Collected material.
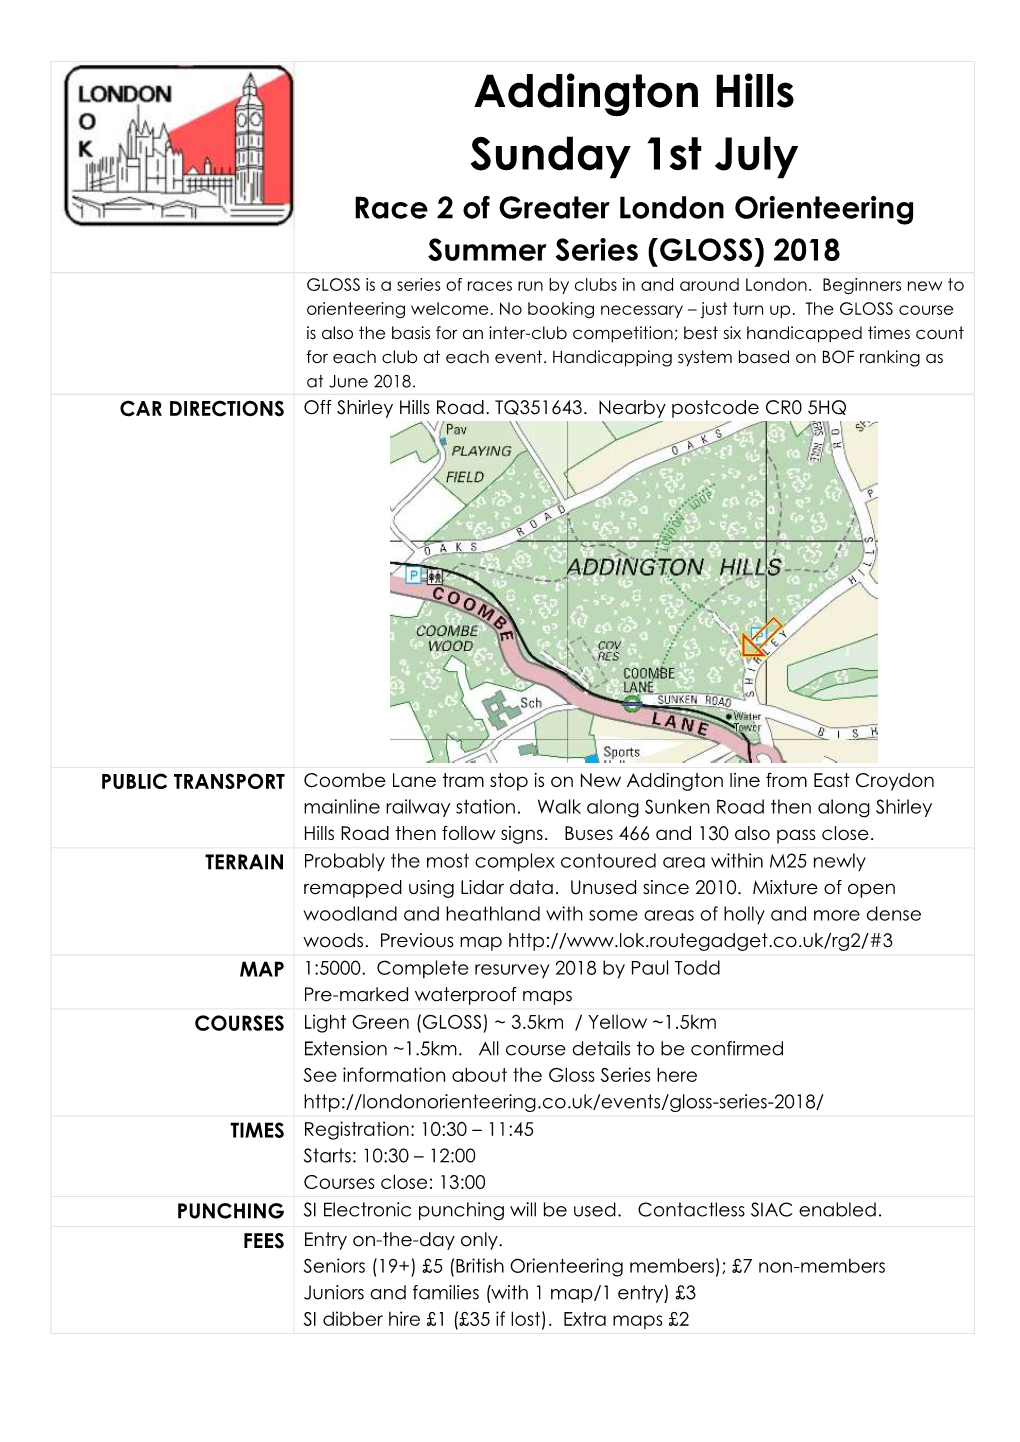 Addington Hills Sunday 1St July Race 2 of Greater London Orienteering Summer Series (GLOSS) 2018 GLOSS Is a Series of Races Run by Clubs in and Around London
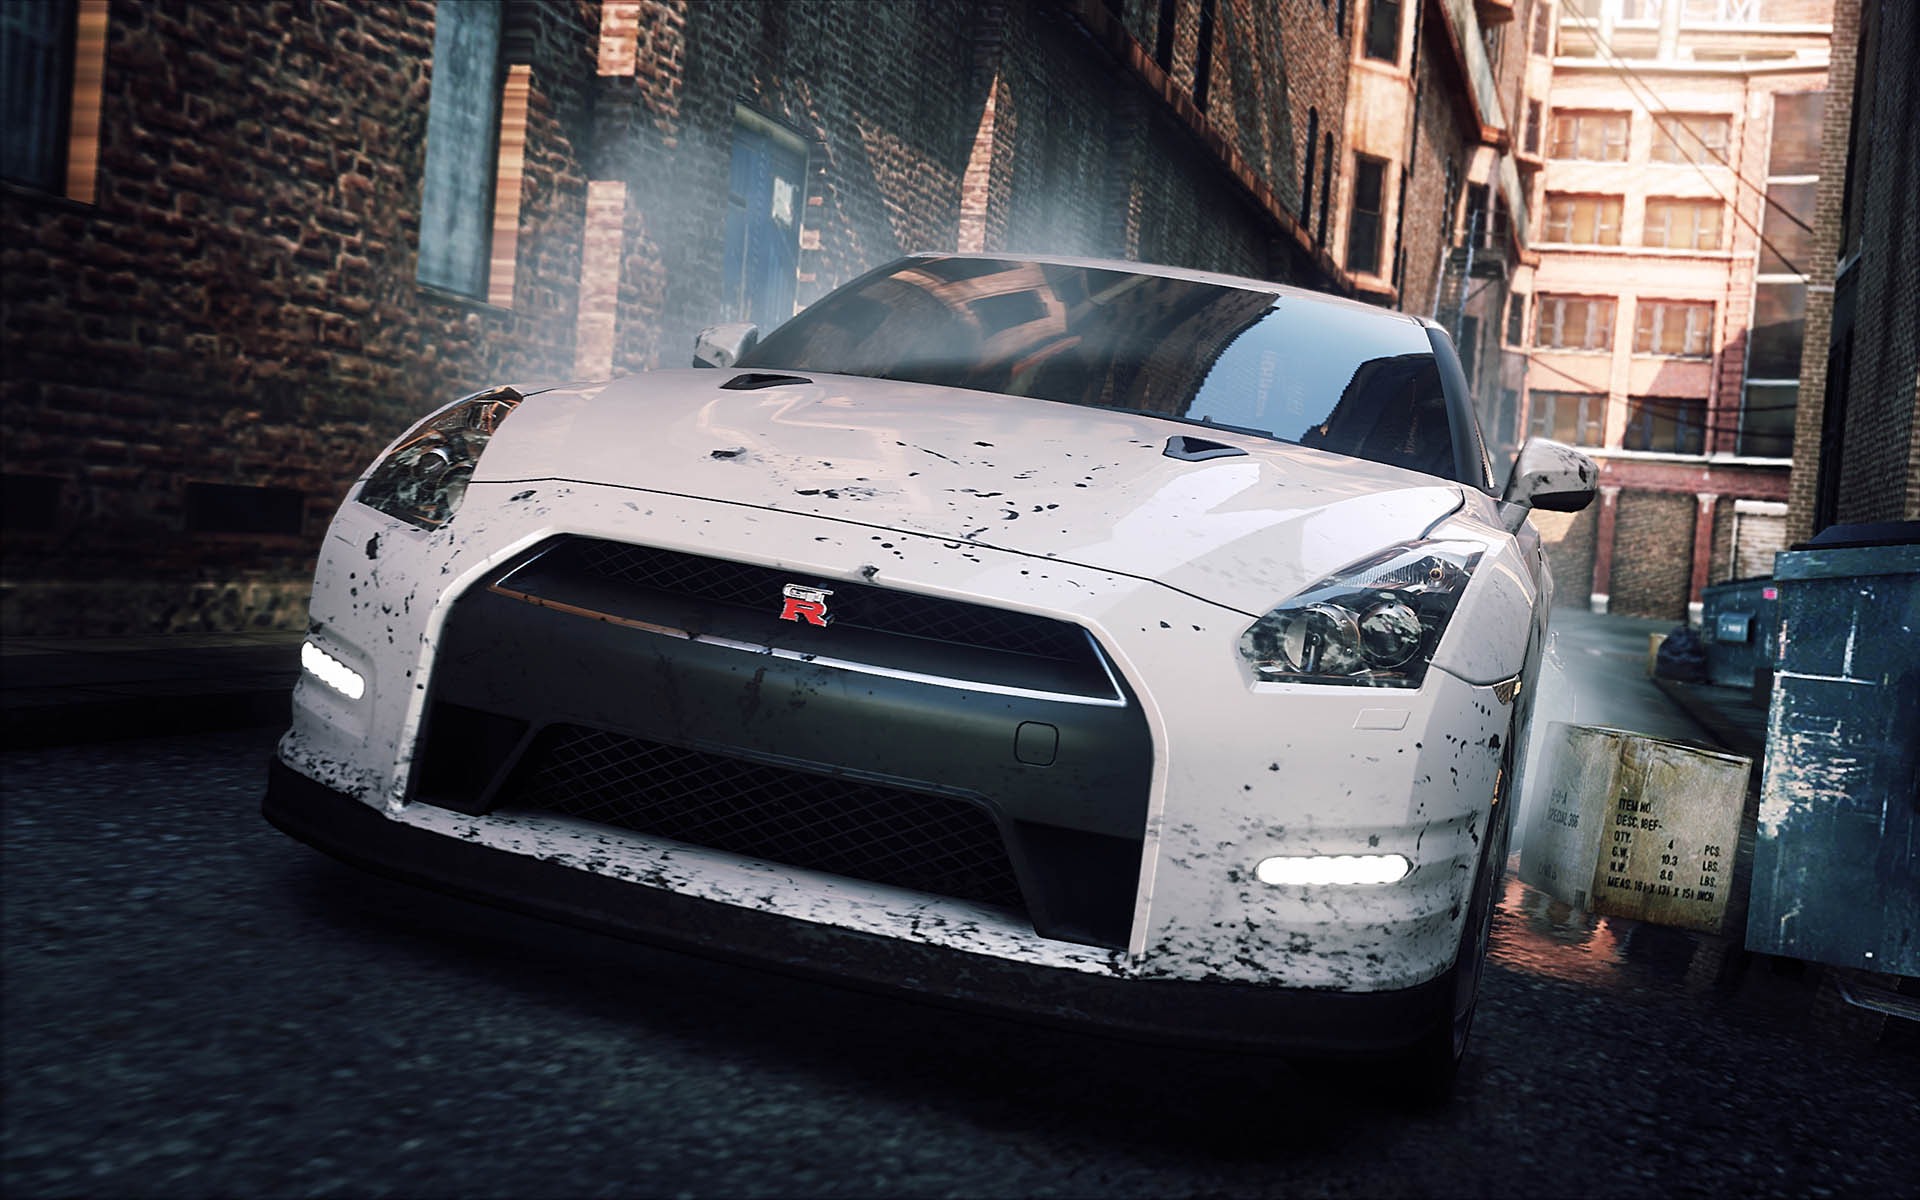 Need for Speed: Most Wanted 极品飞车17：最高通缉 高清壁纸9 - 1920x1200
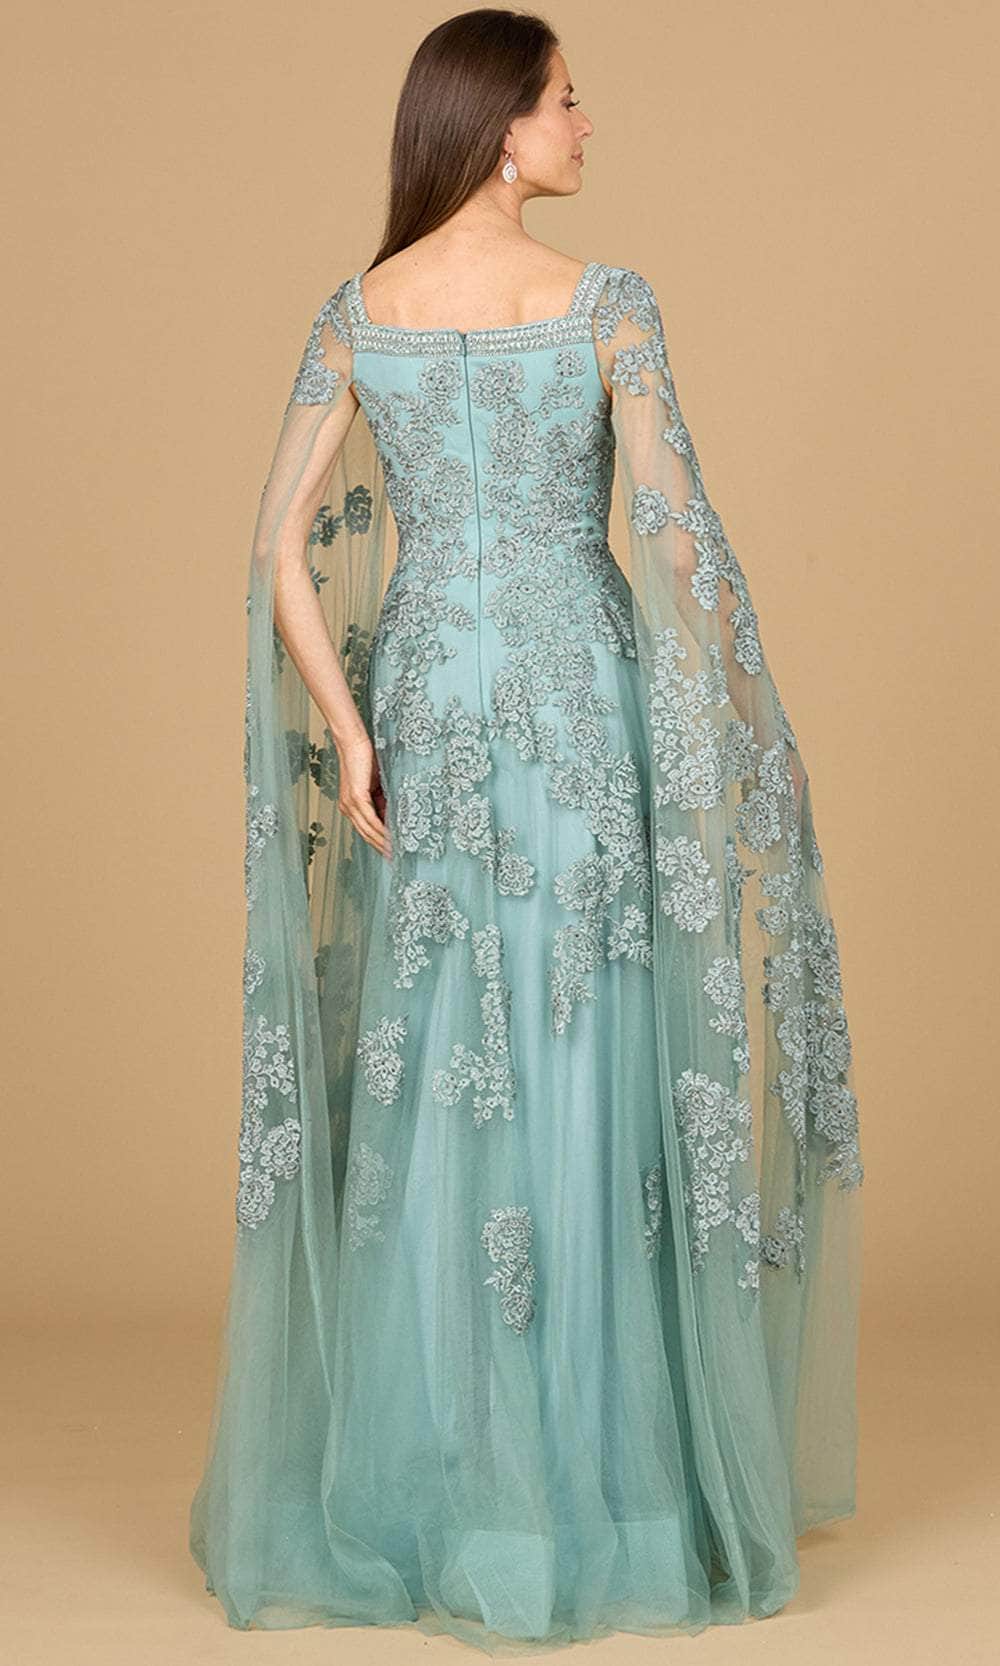 Lara Dresses 29138 - Lace Cape Sleeve Evening Gown

Your instructions. Only exact copies are wanted here. Write out the lines from the one containing "Need for Speed: Most" through the end of the material and no others, omitting all pictures.

Answer box.
 Need for Speed: Most Wanted 极品飞车17：最高通缉 高清壁纸9 - 1920x1200
 Lara Dresses 29138 - Lace Cape Sleeve Evening Gown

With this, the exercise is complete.